◆ WHAT IS REQUIRED: Print the data verbatim. Leave every image out.

◆ DATA:
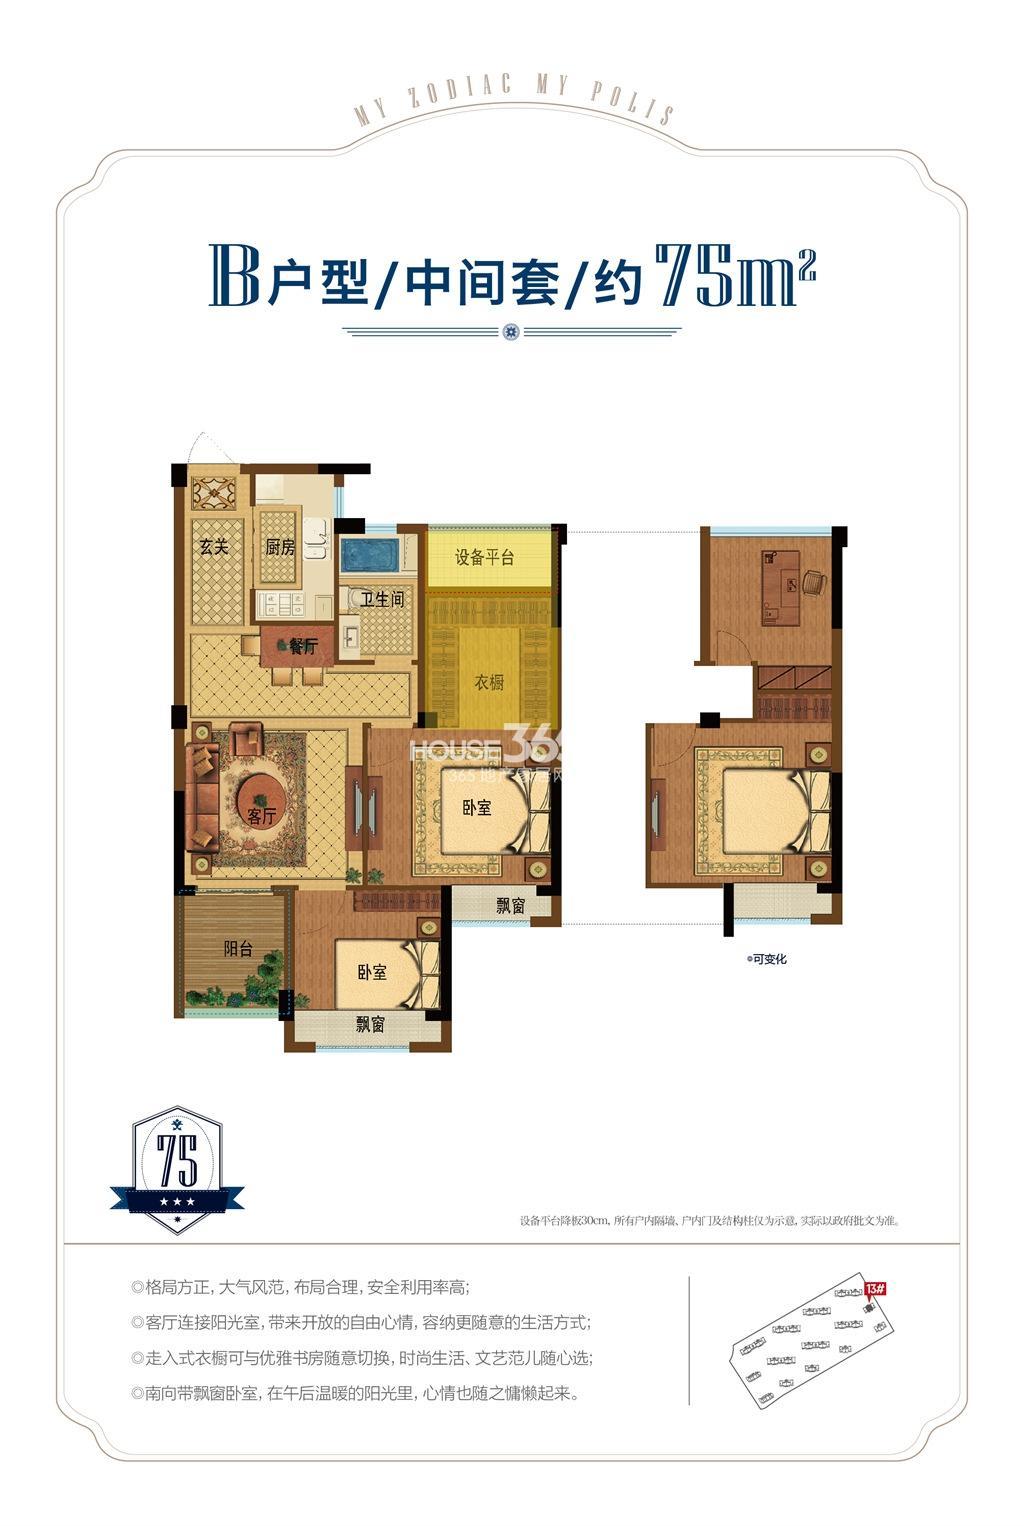 昆盛肖邦B户型中间套75方(13号楼)
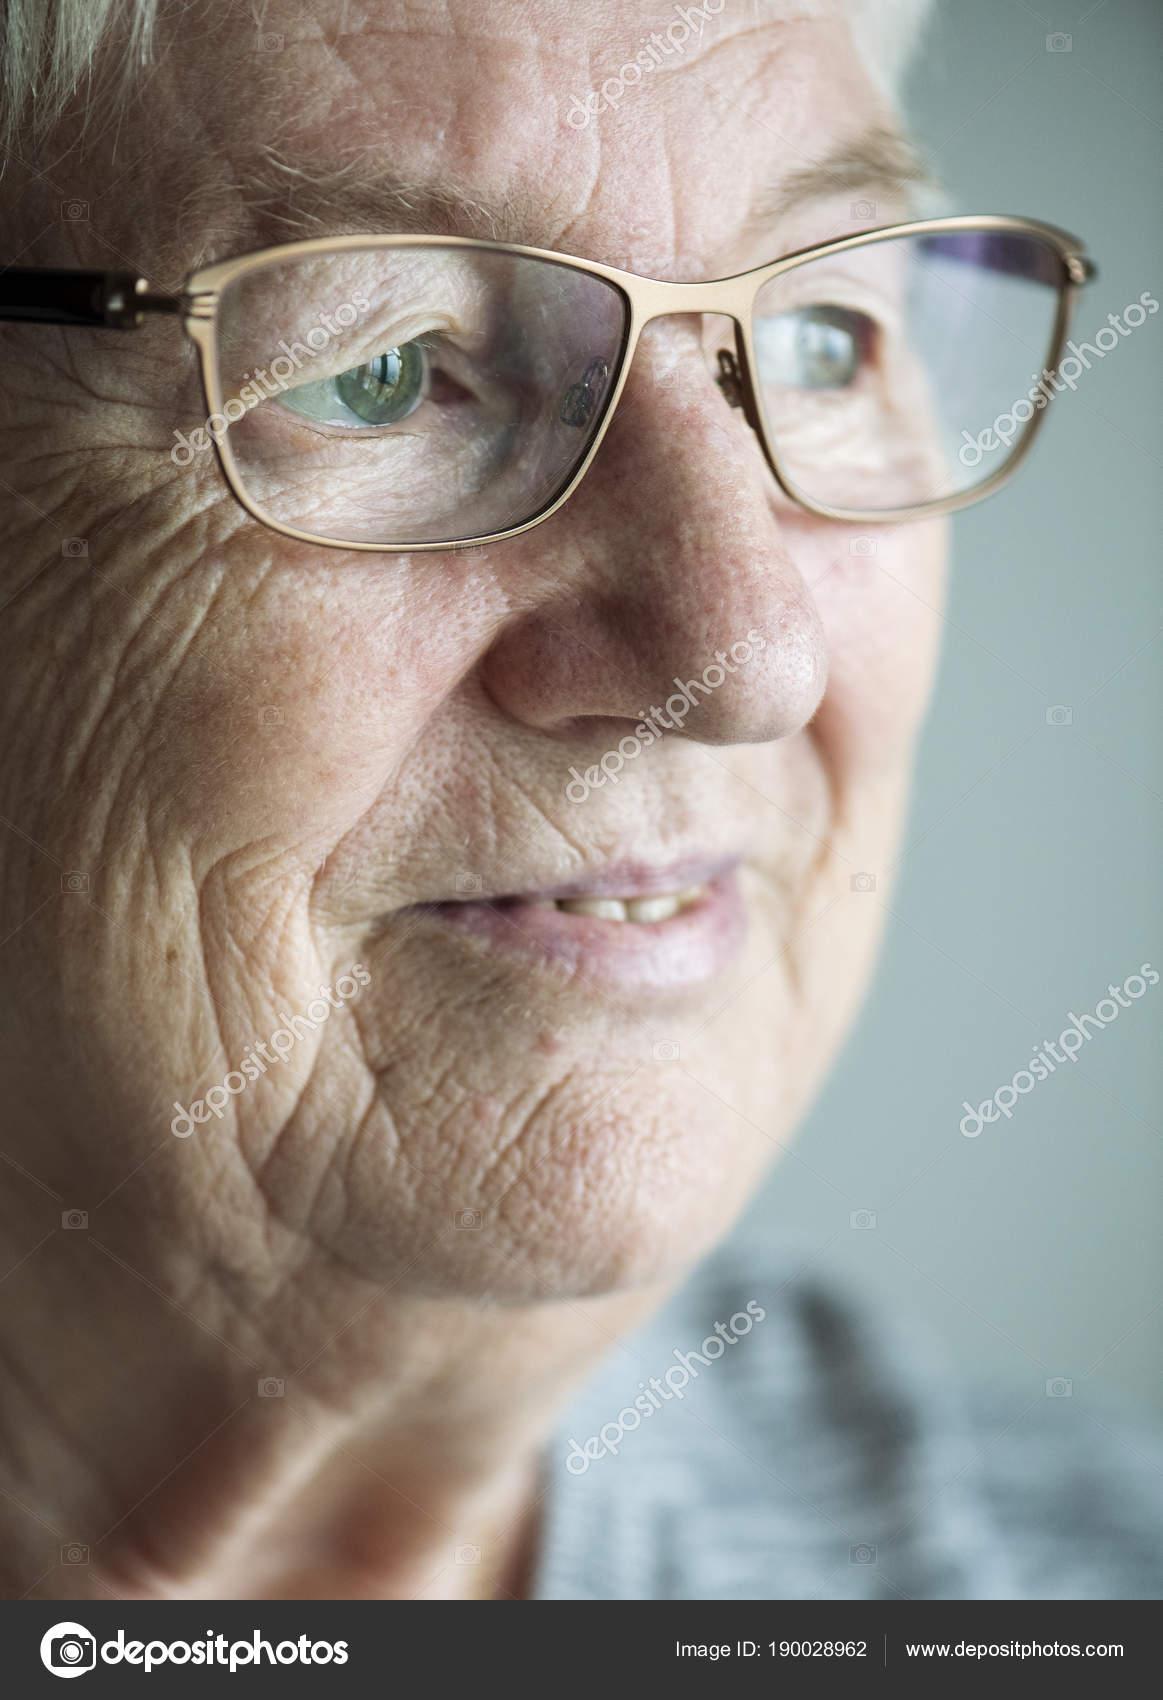 fb6a321b7b Fehér Idős Asszony Portréja — Stock Fotó © Rawpixel #190028962
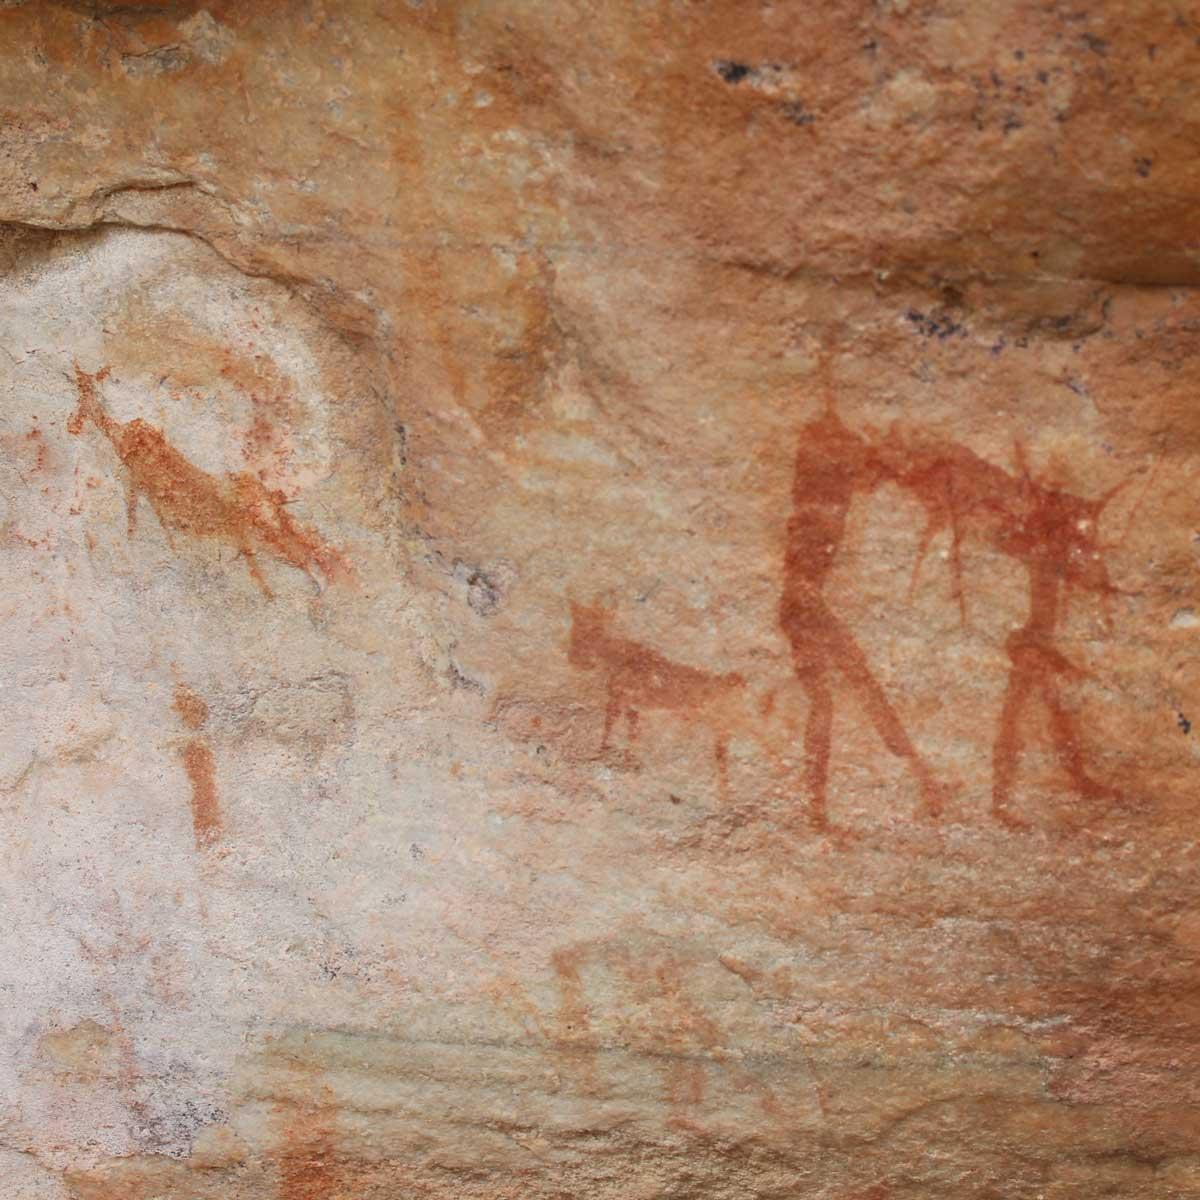 cederbergtours-bushman-painting-tour
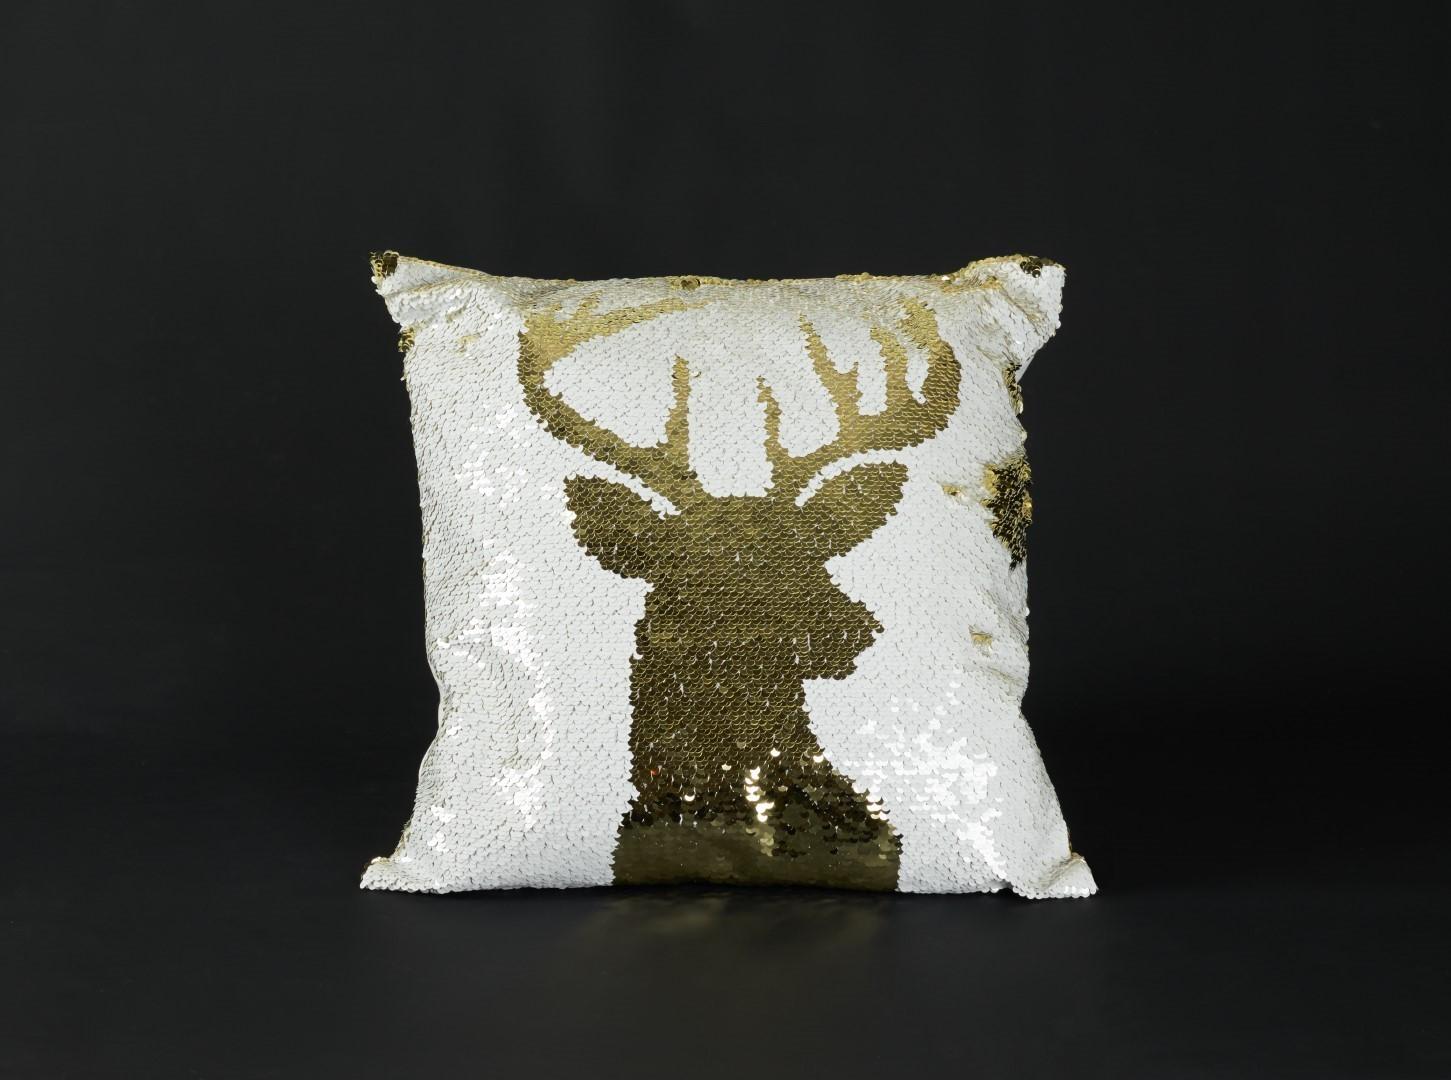 Kussen pailetten wit goud rendier Anna's Collection

◆ EXPECTED ANSWER:
 昆盛肖邦B户型中间套75方(13号楼)
 fb6a321b7b Fehér Idős Asszony Portréja — Stock Fotó © Rawpixel #190028962
 cederbergtours-bushman-painting-tour
 Kussen pailetten wit goud rendier Anna's Collection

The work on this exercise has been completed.